The Mahzor is printed for the first time in a facsimile edition.

Studies on the Mahzor according to the Italian Rite edited by Mordechai Angelo Piattelli - Available in eBook form here.
This collection of studies by various Israeli scholars is dedicated to the study of the Italian (Roman) rite liturgy, prayers and piyyutim, their editions and the culture of the Jews in Italy during the second half of the 15th century, the period the first edition of the Mahzor was published (Robert Bonfil, Peter Lehnardt, Mordechai Angelo Piattelli, Yitzhak Akiva Satz).
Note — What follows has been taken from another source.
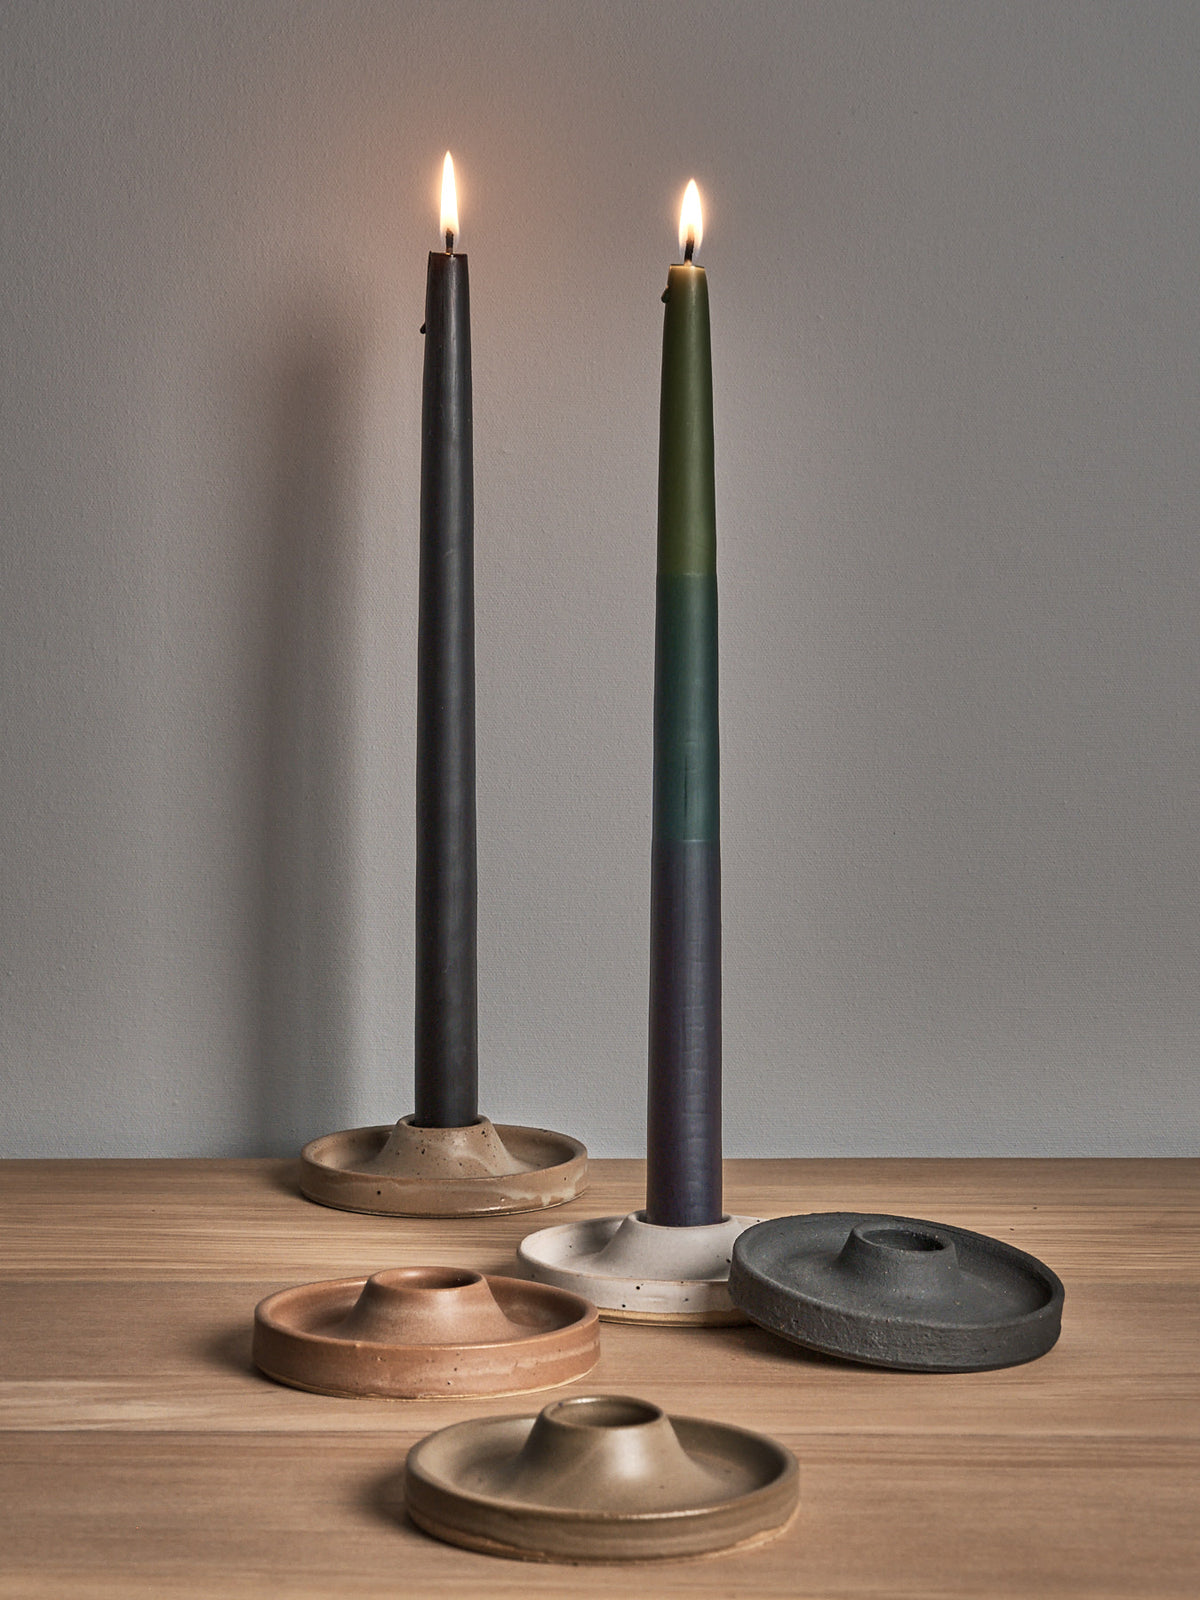 Three Deborah Sweeney candle holders in the Moss design on a wooden table next to each other.

Also included are studies on the typography and contents of this first edition of the Mahzor (Yitzhak Yudlov, Michael Ryzhik and Peter Lehnardt, who compiled the index of piyyutim in the Mahzor).
The prayer rite designated ‘rite of Rome’ – together with the related Romanian rite – is the most ancient rite practiced in Europe. This rite is an important link in the history of Jewish prayer, and it retains vestiges of the early Palestinian (Land of Israel) rite even though it absorbed many other religious practices, laws and Babylonian liturgies as did other rites. The original name was "the rite of the loazim" i.e., the custom of the Jews who spoke Latin or one of the other Romanite languages, or ‘the rite of Rome’. This rite was followed in the city of Rome and probably in other Jewish communities in Southern Italy until the final expulsion of the Jews from the South in 1541. The rite spread from Rome to other Jewish settlements in central and northern Italy and thus it was eventually designated the ‘Italian rite’, i.e., the custom shared by all the Jewish communities in Italy. Other communities as well adopted this rite including some in Safed during the 16th and early 17th centuries and some congregations in Constantinople and Salonica. Today this rite is followed in a few communities in Italy and in the Roman rite synagogue in Jerusalem.